# Excel VBA Shell and Wait



## jgspencer (Apr 10, 2009)

I need help with some code regarding shell and wait. I am trying to write a shell that triggers a .exe file and regrinds hours in the POS system that my restaurants use. I need to have the startdate equal the cell in Sheet 1 Cell A1 and then go back to Monday and stop before Sunday. A few things I am having trouble with:

-How do I set the startdate to equal that cell and format the start date to "yyyyddmm" and run the .exe file to loop from startdate to Monday and stop before Sunday.
-If the file does not exist, how do I handle the error so the loop continues.
-Also, I need it to also incorporate a shell and wait that will not continue to the next step of code until the shell has finished but to stop running after 3 minutes if the shell does not complete the task.
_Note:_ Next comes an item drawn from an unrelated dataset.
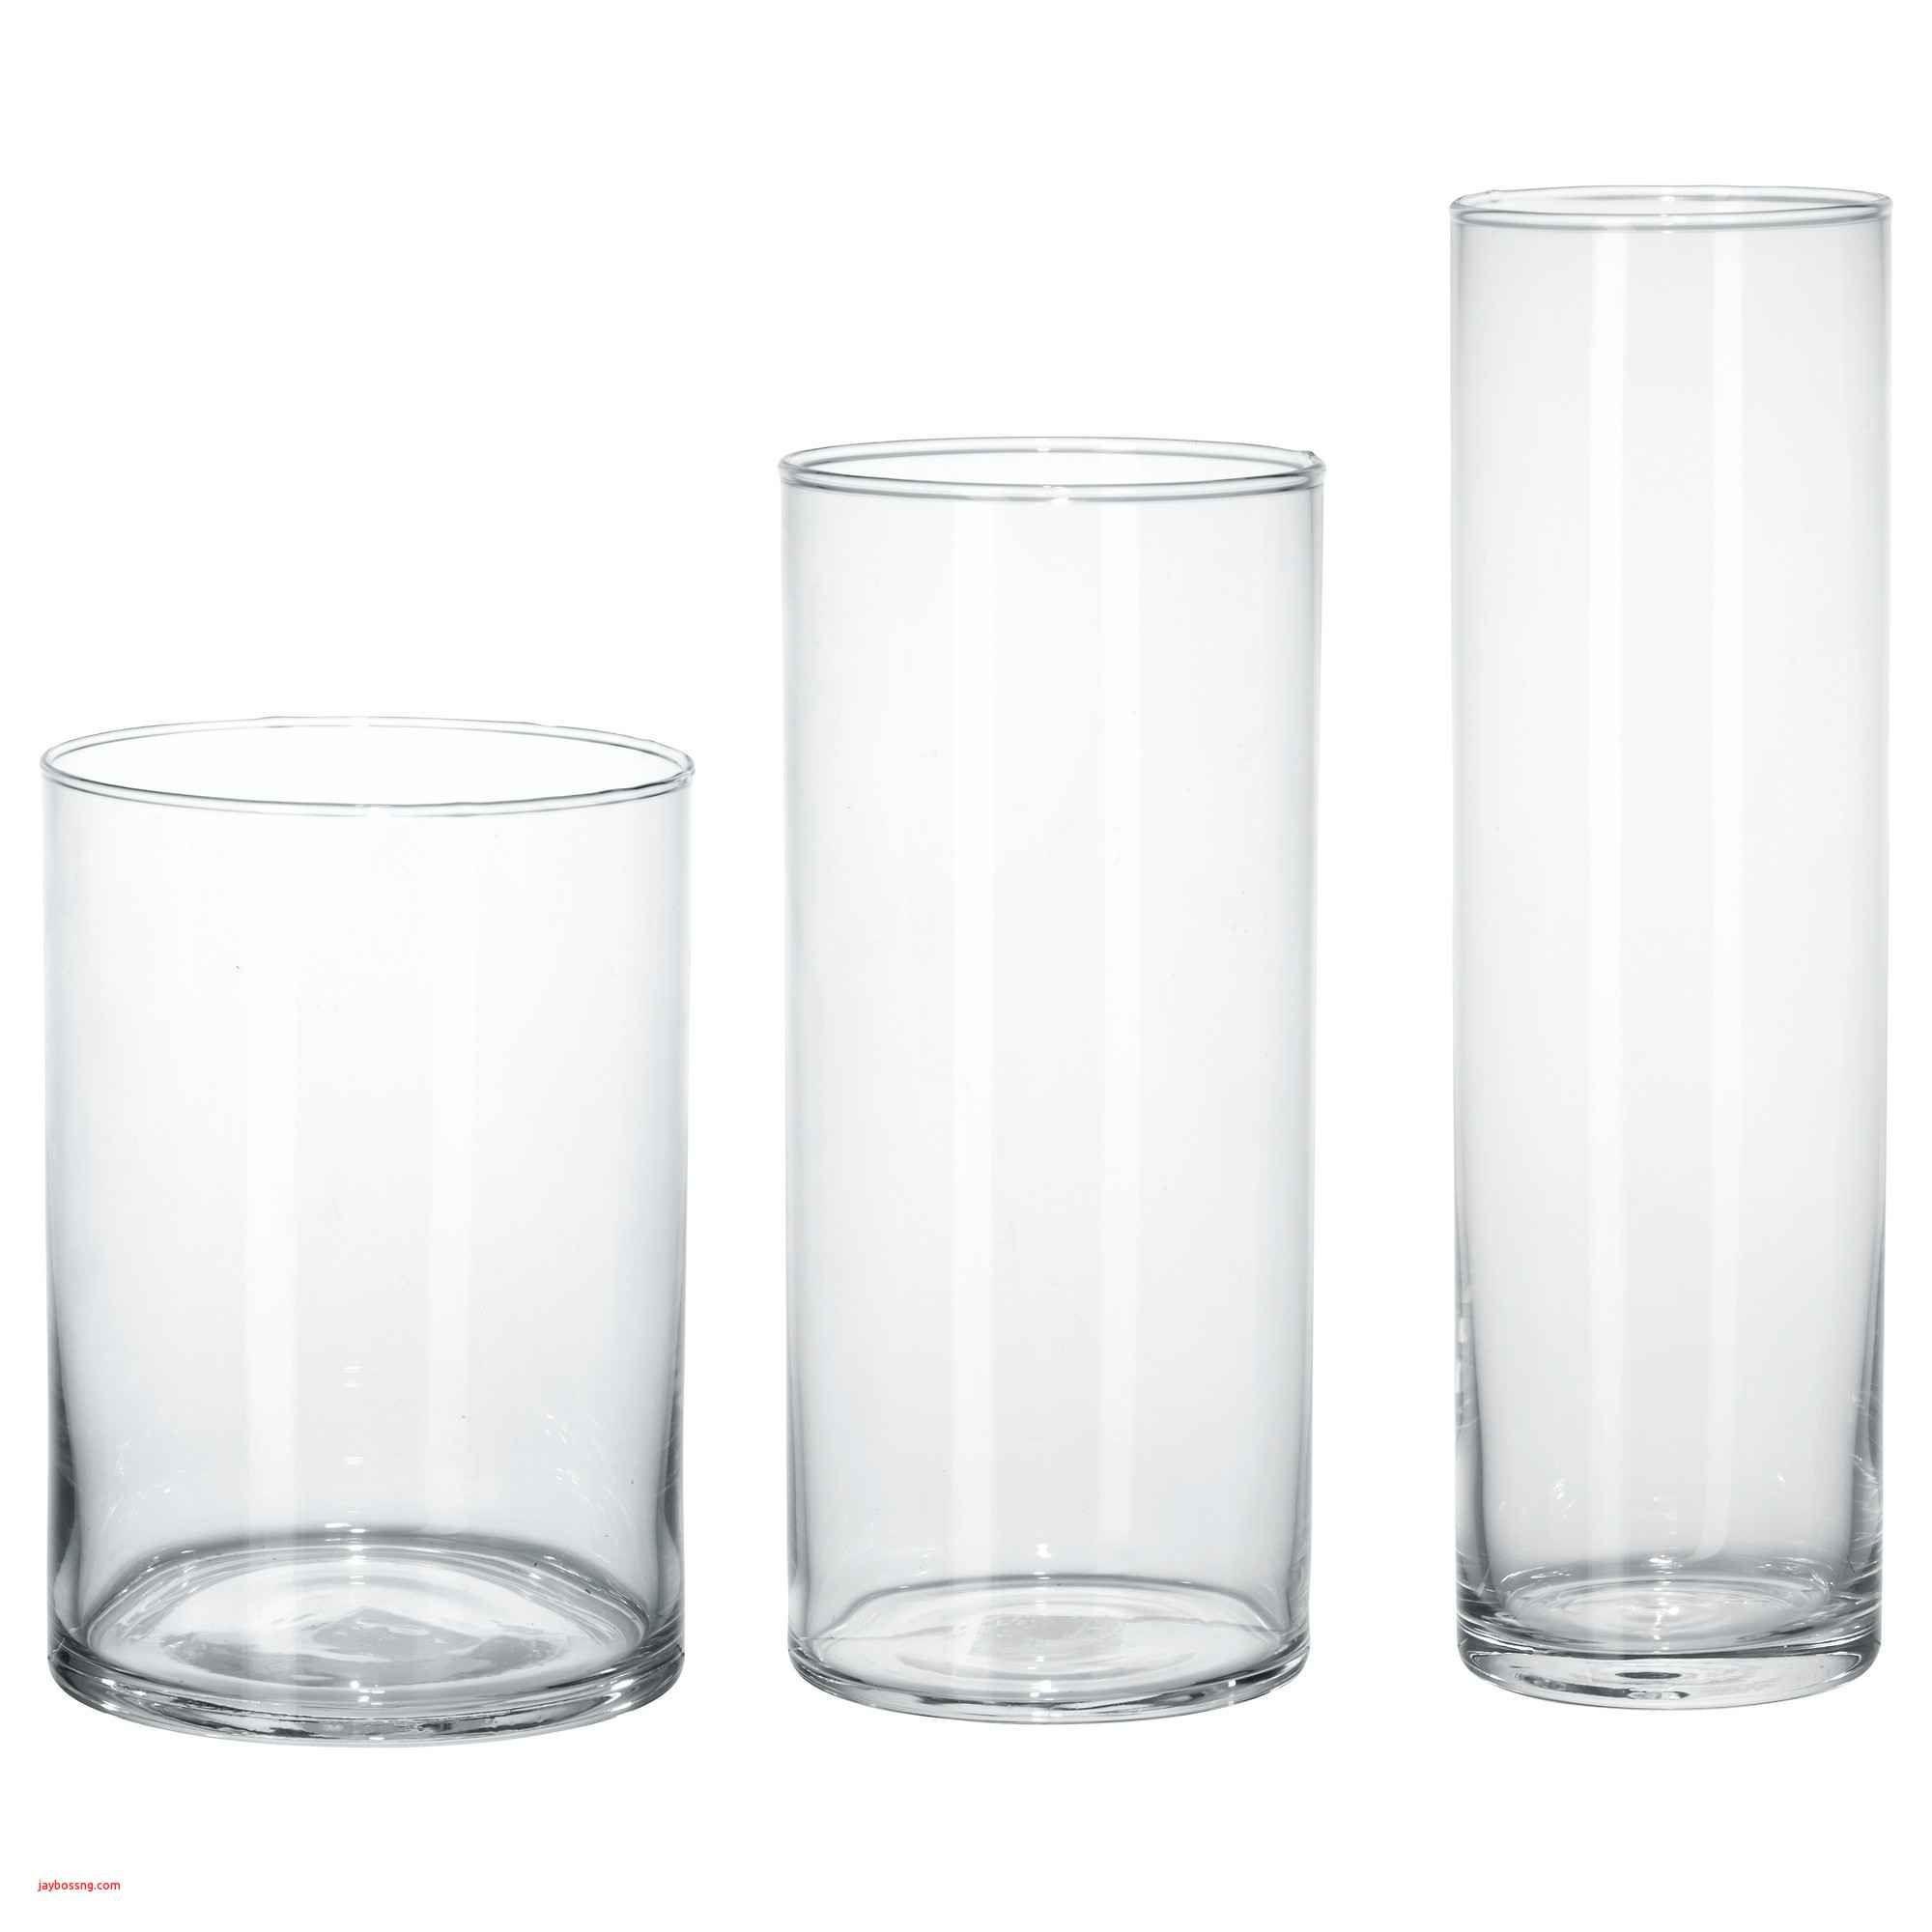 white plastic vase of brown glass vase fresh ikea white table created pe s5h vases ikea intended for brown glass vase fresh ikea white table created pe s5h vases ikea vase i 0d bladet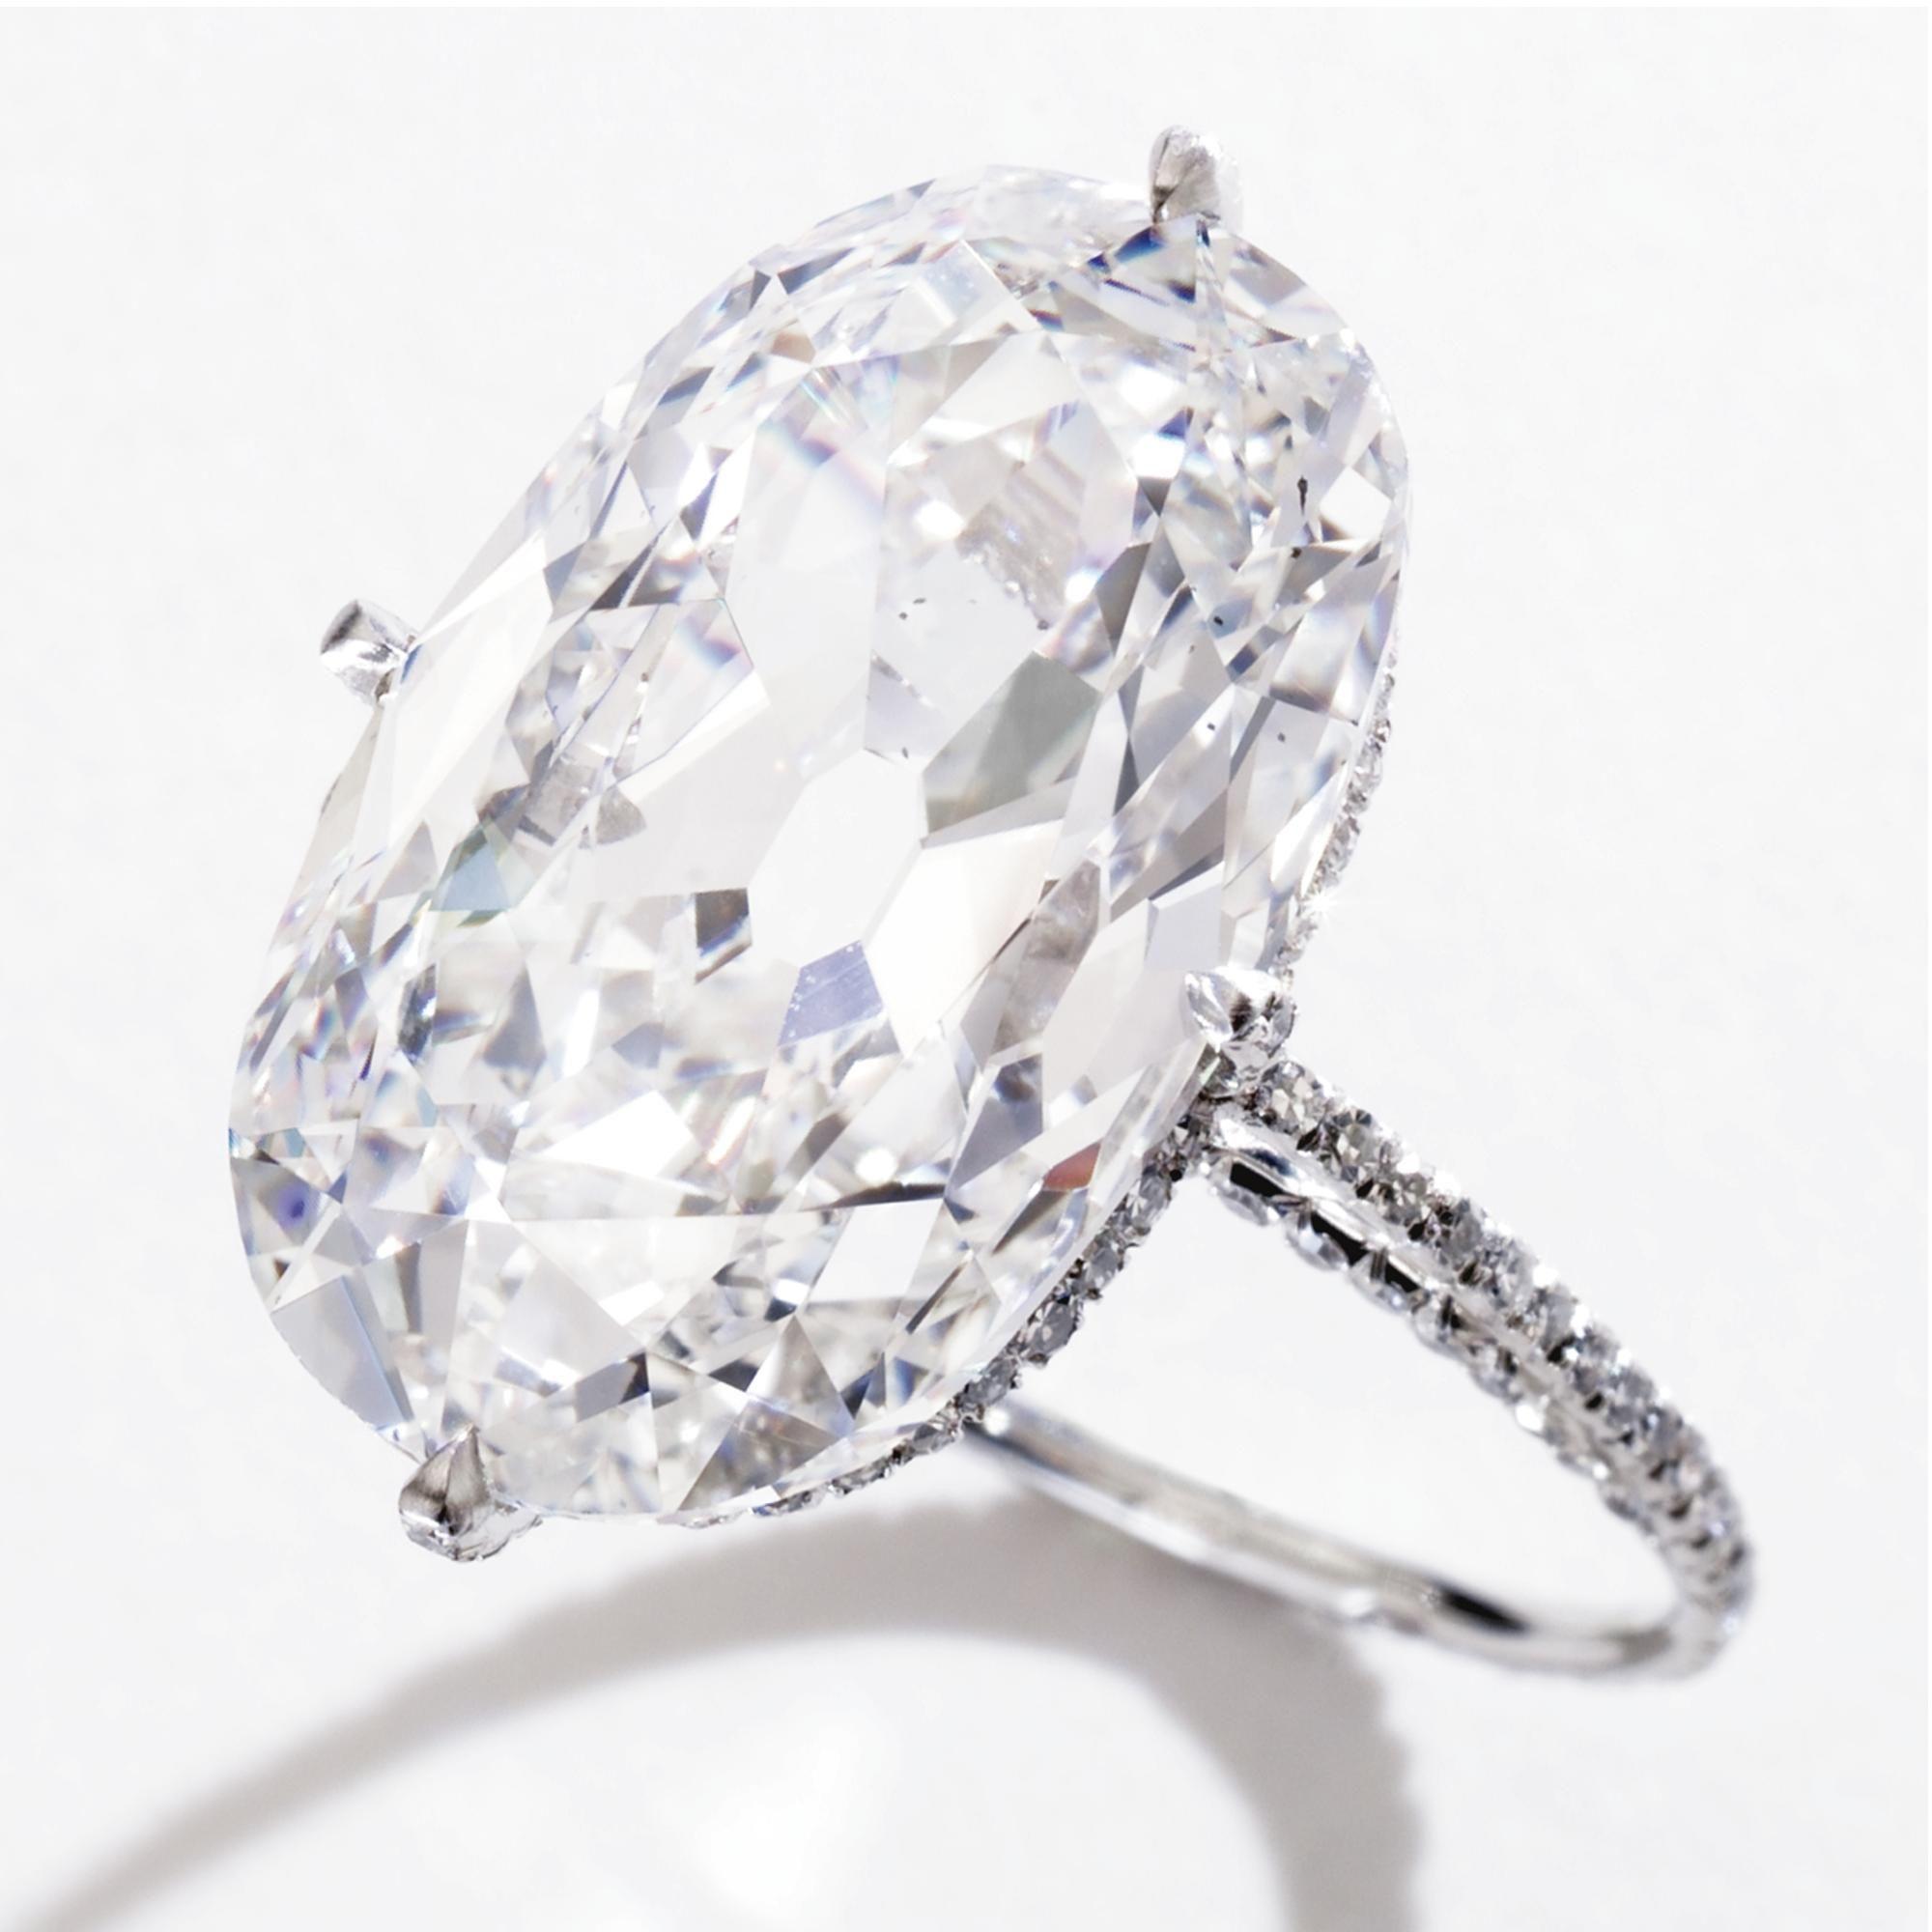 Diamond 'string' Ring, Jar, Paris  Sotheby's

I have read about the shell and wait function but I don't really understand it that much. Here is what I have so far even though it's not much:

Sub GndHours()

On Error GoTo GndErr

Dim RetVal
RetVal = Shell("C:\aloha\bin\grind.exe /date yyyyddmm")

ExitHere:
Exit Sub

GndErr:
Select Case Err.Number
Case Else
Resume ExitHere
End Select
End Sub

Your help will be much appreciated.


----------